The best marketing videos are under 60 seconds—in fact, they should be under 10 seconds for maximum impact. Because consumers prefer short videos, they are more likely to watch yours if they know you provide quick, succinct details. To get started, we recommend making the following videos into your marketing plan:
- How-to videos of your products and services
- Customer testimonials
- Company culture videos
- Videos that highlight the benefits of using your products or services
Tracking and Analytics: The Metrics and KPIs that Matter
None of this matters unless you’re tracking your campaigns and tweaking them based on metrics that affect your bottom line. However, thanks to the massive proliferation of data analytics capabilities, most companies are drowning in it. The key here is to identify which metrics matter, and to do that, you need to understand the difference between a metric and a Key Performance Indicator (KPI).
Metric: A metric is a number
KPI: A KPI is a metric that is most closely tied to the overall business success
While metrics are helpful in forming specific strategies, only certain ones can help you refine and tailor your business strategy.

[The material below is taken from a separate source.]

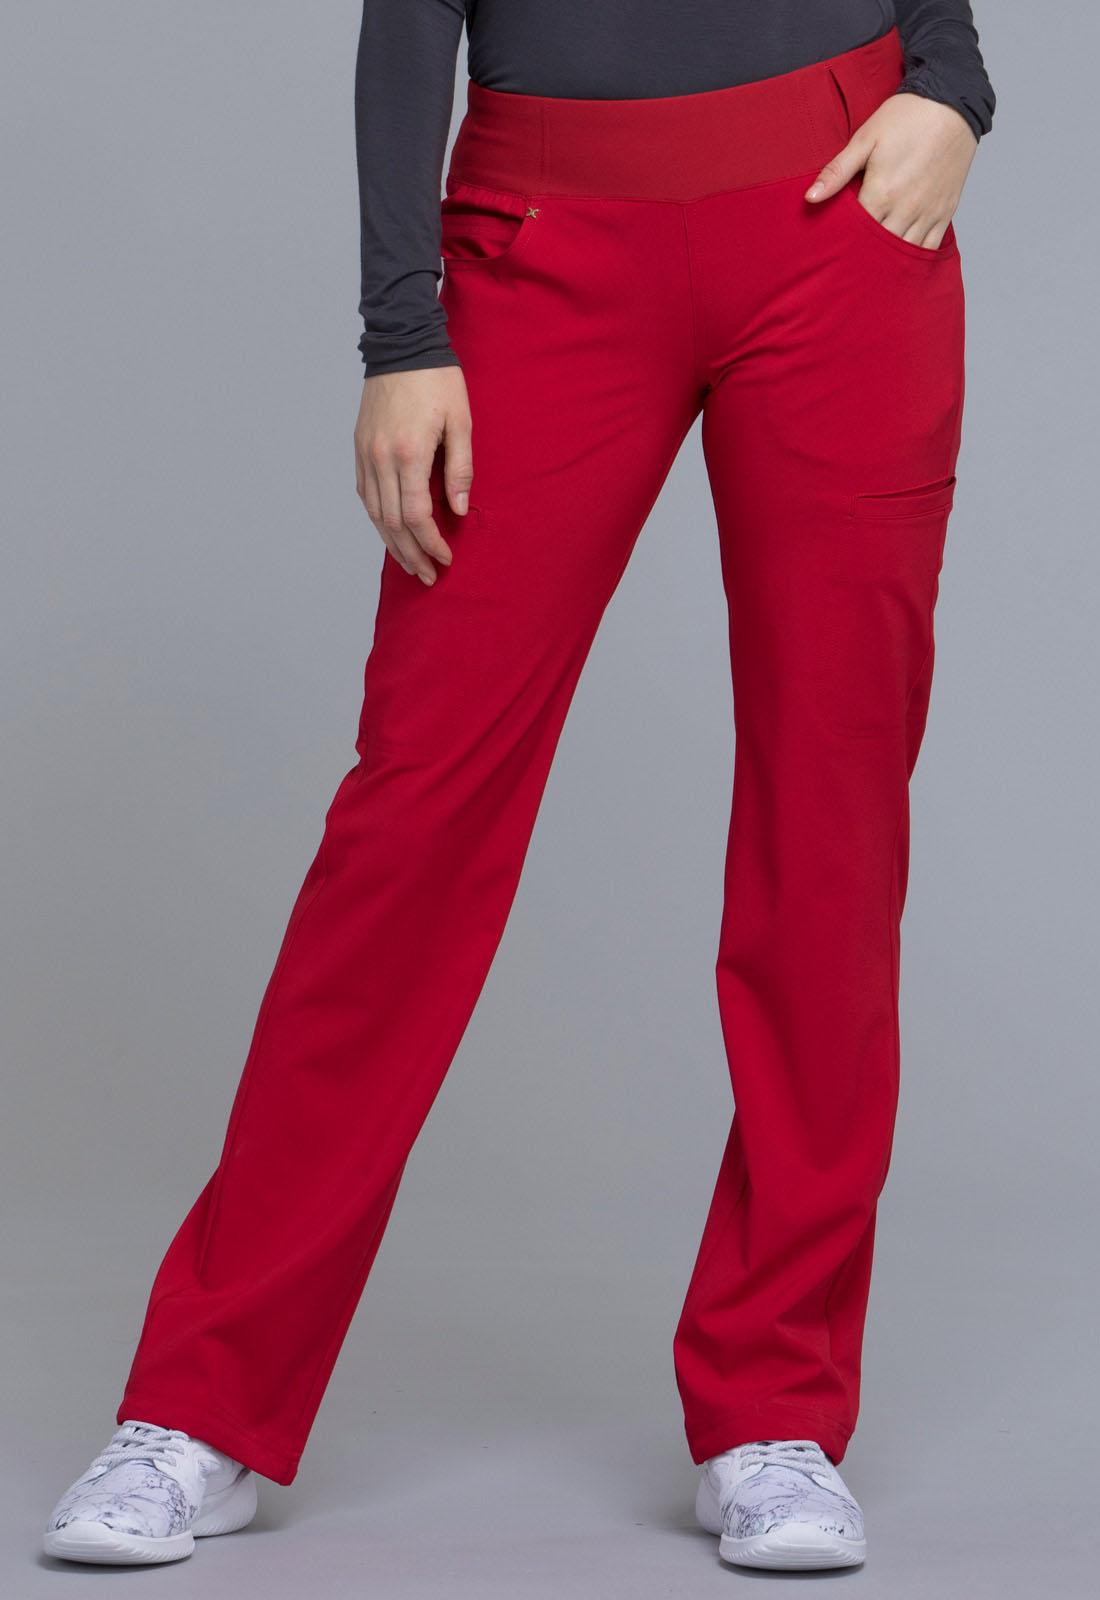 Mid Rise Straight Leg Pull-on Pant  CK002T

Bounce rates, page views, time on page, new visitors, and search rankings are all metrics.
These are the KPIs that really matter to your digital marketing strategy:
- Total sales
- Return on marketing investment (ROMI)
- Lead-to-sale conversion rate
- Booking rate (from calls)
- Cost per lead (CPL)
How to Develop Killer Digital Marketing Strategy
Where you’ll go with digital marketing depends on the data of where you’ve been, your digital strengths, and your company’s weaknesses. The number one way to start your digital marketing strategy is to have a digital competitive analysis done.
A competitive analysis will pit your online presence against your top competitors to see where you stand. You’ll also find out what opportunities they are taking that you aren’t and what’s necessary to beat them in the search engines and grow your company. With the best digital competitive analyses, you’ll also get a roadmap of the marketing channels that are the most important for your business.